Produce an exact transcription of the listing below, omitting the pictures.

§ Data excerpt:
········

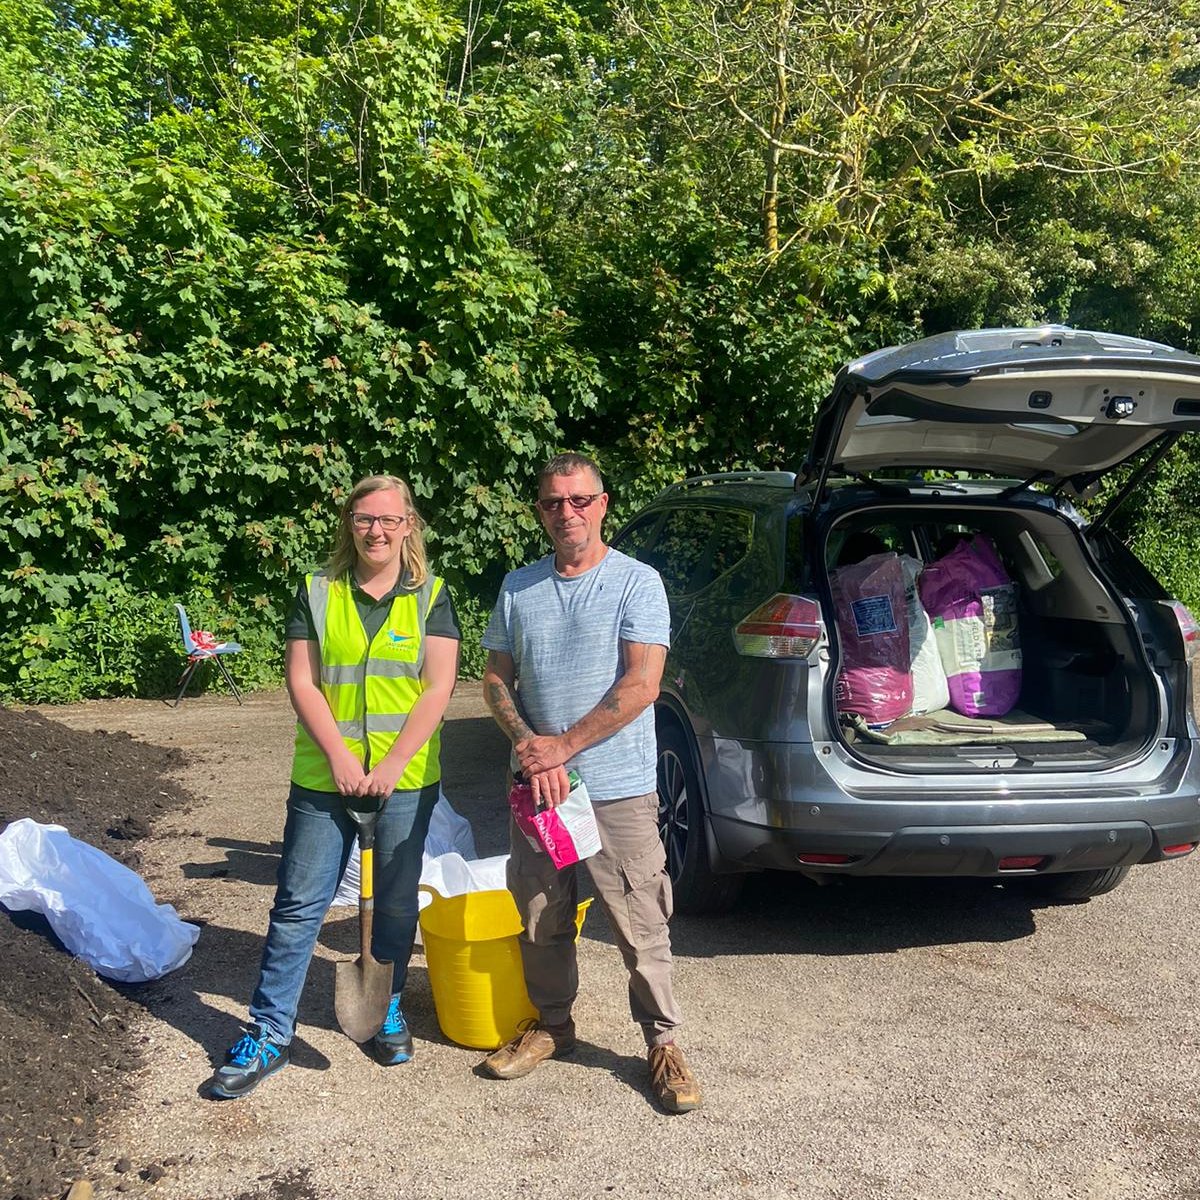 Our ‘Shovel It Yourself’ event is underway in the car park at the Grove in Felixstowe - here's Mark, our first customer who has already bagged up some compost for his garden. Please come along to collect some free compost before 2pm, and remember your shovel and a bag/container.
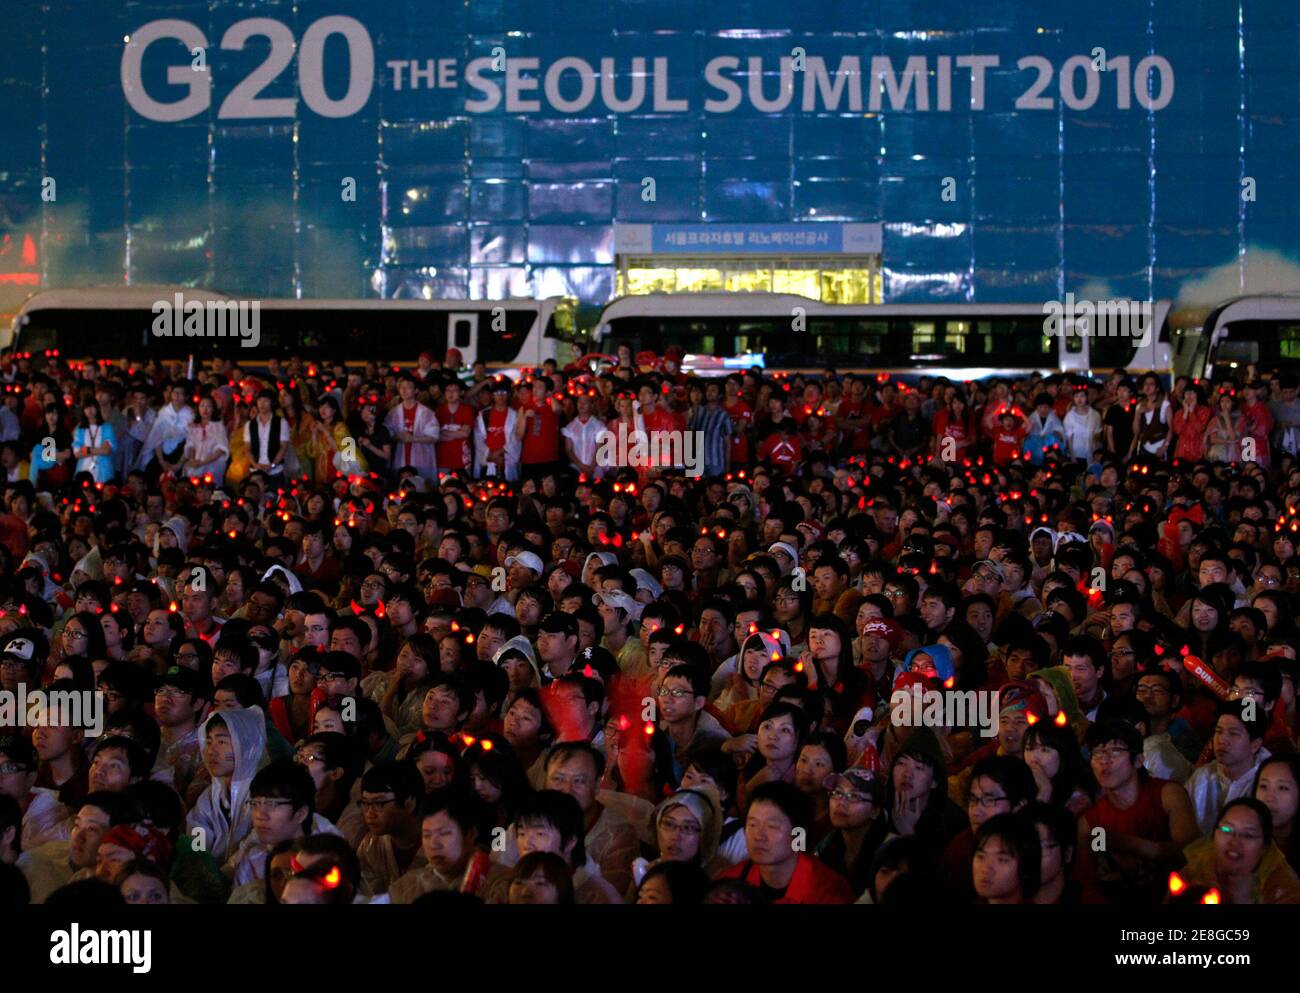 South Korean fans watch a live TV broadcast of the 2010 World Cup soccer match against Uruguay in South Africa, at the Seoul City Hall Plaza June 27, 2010. Uruguay won 2-1.  REUTERS/Jo Yong-Hak (SOUTH KOREA - Tags: SPORT SOCCER WORLD CUP) Stock Photo
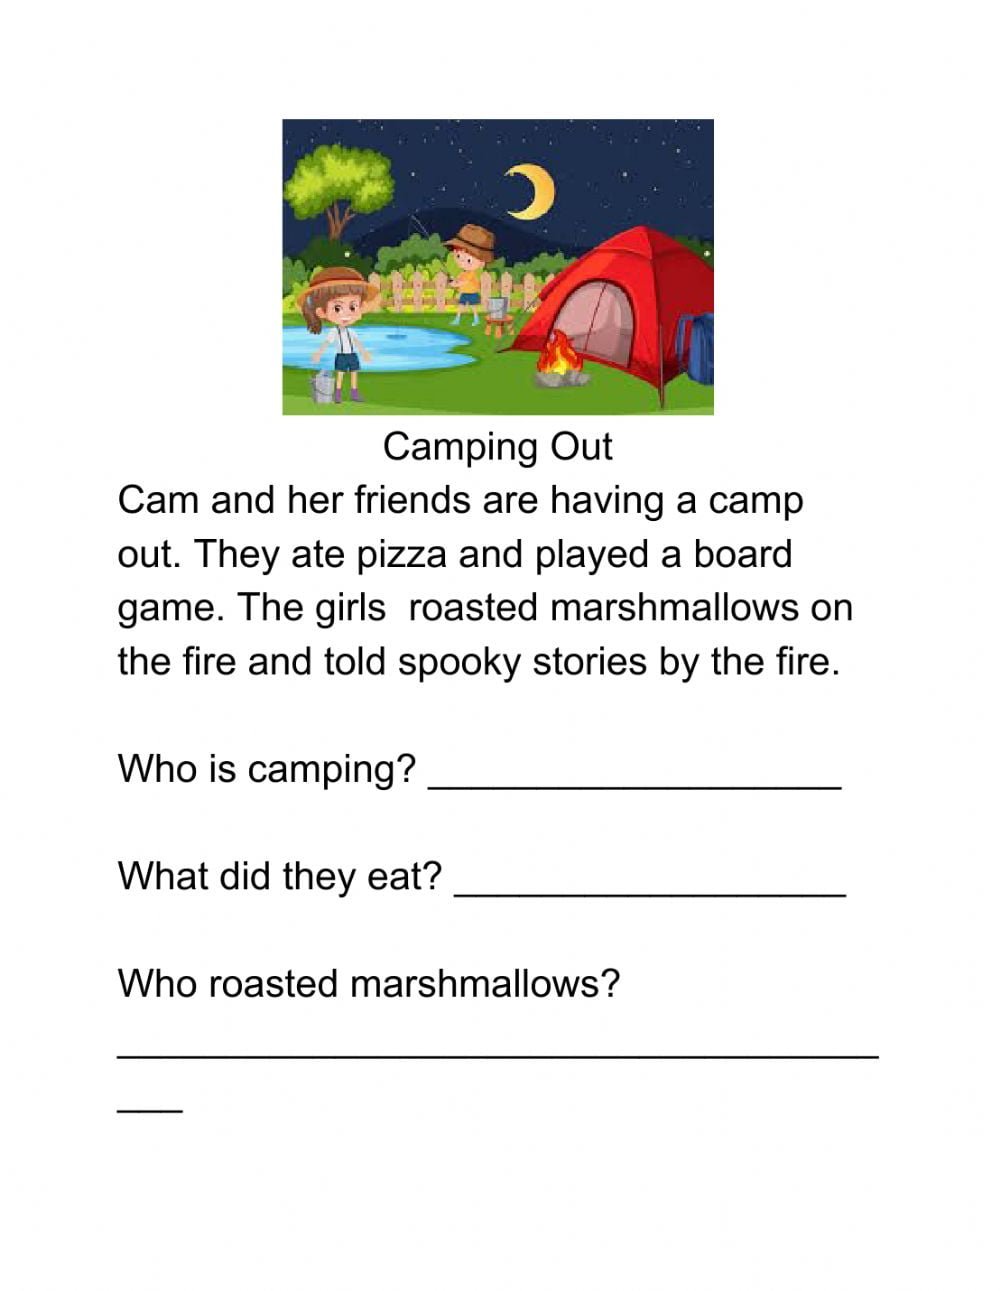 camp-out-reading-comprehension-worksheets-worksheetscity

········

§ Task result:
 Our ‘Shovel It Yourself’ event is underway in the car park at the Grove in Felixstowe - here's Mark, our first customer who has already bagged up some compost for his garden. Please come along to collect some free compost before 2pm, and remember your shovel and a bag/container.
 South Korean fans watch a live TV broadcast of the 2010 World Cup soccer match against Uruguay in South Africa, at the Seoul City Hall Plaza June 27, 2010. Uruguay won 2-1.  REUTERS/Jo Yong-Hak (SOUTH KOREA - Tags: SPORT SOCCER WORLD CUP) Stock Photo
 camp-out-reading-comprehension-worksheets-worksheetscity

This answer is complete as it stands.